14 KiB
Mistral OCR Architecture Documentation
This document provides a comprehensive overview of the Mistral OCR CLI architecture, including UML diagrams to illustrate the system's structure, behavior, and interactions.
Table of Contents
System Overview
Mistral OCR is a command-line tool for processing documents with Mistral AI's OCR capabilities. The system allows users to extract text and structured content from PDF documents and images while preserving the original formatting and layout.

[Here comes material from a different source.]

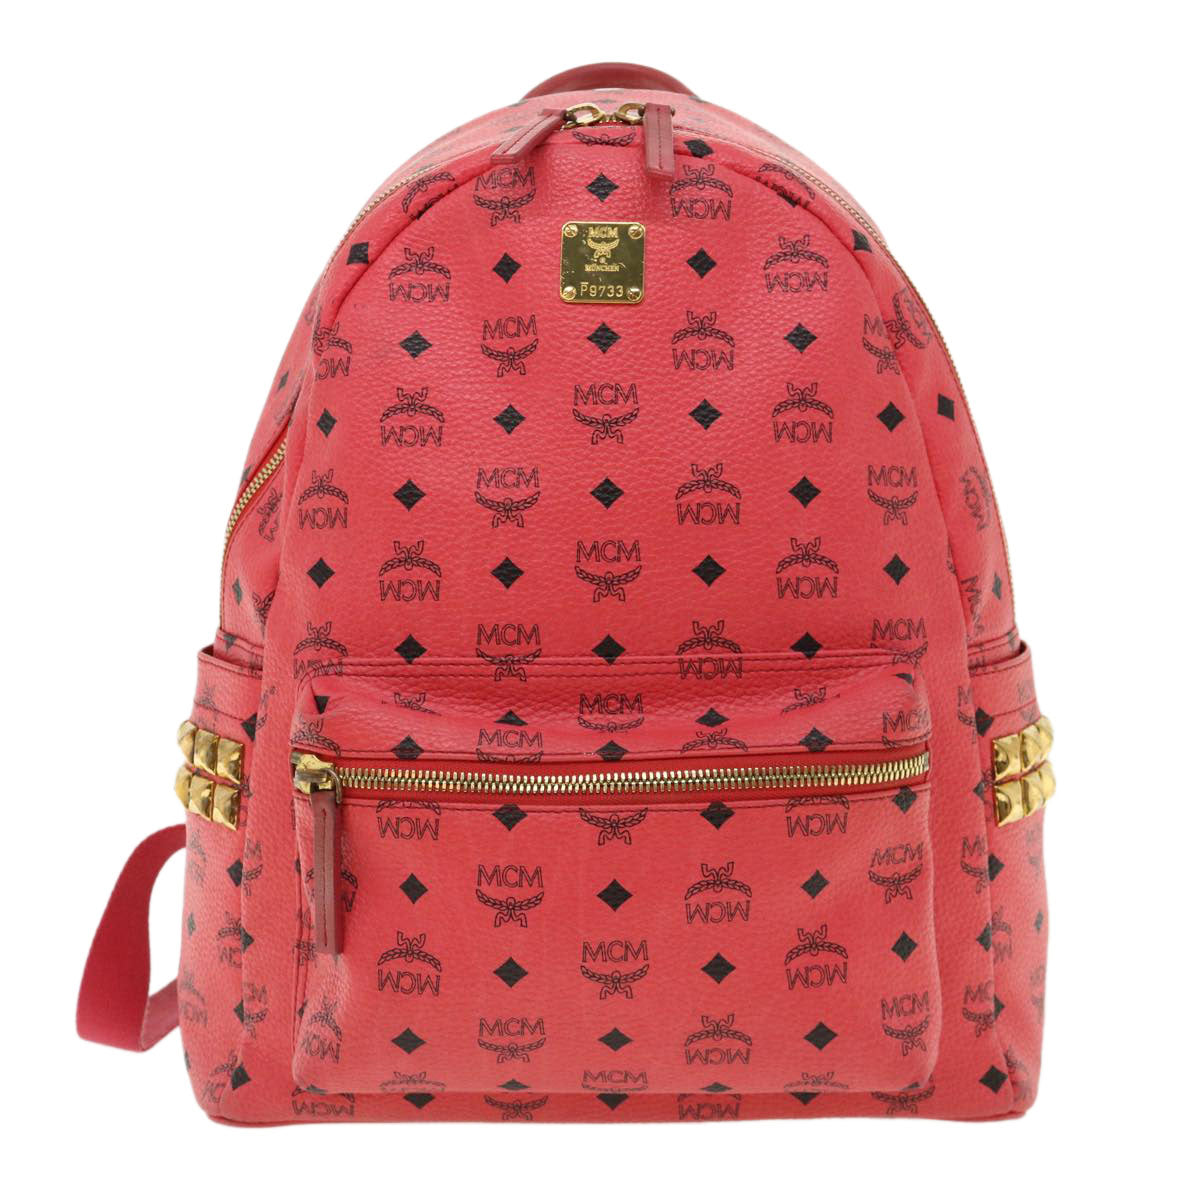 MCM Vicetos Backpack PVC Leather Pink Auth yk5128

The tool is structured around a set of commands:
process: Processes a document (local file or URL) with OCR and outputs JSONconvert: Converts the JSON output to Markdownmarkdown: Combines the process and convert steps in one commandversion: Displays the version information
Class Diagram
The following class diagram illustrates the main classes in the Mistral OCR system and their relationships:
classDiagram
class MistralClient {
+BASE_URL: str
+MAX_FILE_SIZE: int
+api_key: str
+session: requests.Session
+__init__(api_key: str)
+upload_file(file_path: str): str
+get_file_url(file_id: str): str
+process_ocr(doc_type: str, doc_source: str, include_image_base64: bool): bytes
}
class OCRResponse {
+pages: list
+metadata: OCRResponseMetadata
+__init__(pages: list, metadata: OCRResponseMetadata)
}
class OCRResponseMetadata {
+title: str
+author: str
+creation_date: str
+page_count: int
+__init__(title: str, author: str, creation_date: str, page_count: int)
}
class OCRResponsePage {
+index: int
+markdown: str
+image: str
+images: list
+dimensions: dict
+__init__(index: int, markdown: str, image: str, images: list, dimensions: dict)
}
class OCRResponseImage {
+id: str
+image_base64: str
+__init__(id: str, image_base64: str)
}
OCRResponse "1" *-- "1" OCRResponseMetadata: contains
OCRResponse "1" *-- "many" OCRResponsePage: contains
OCRResponsePage "1" *-- "many" OCRResponseImage: contains
Component Diagram
The following component diagram shows the high-level architecture of the Mistral OCR system:
graph TD
CLI[CLI Interface] --> ProcessCmd[Process Command]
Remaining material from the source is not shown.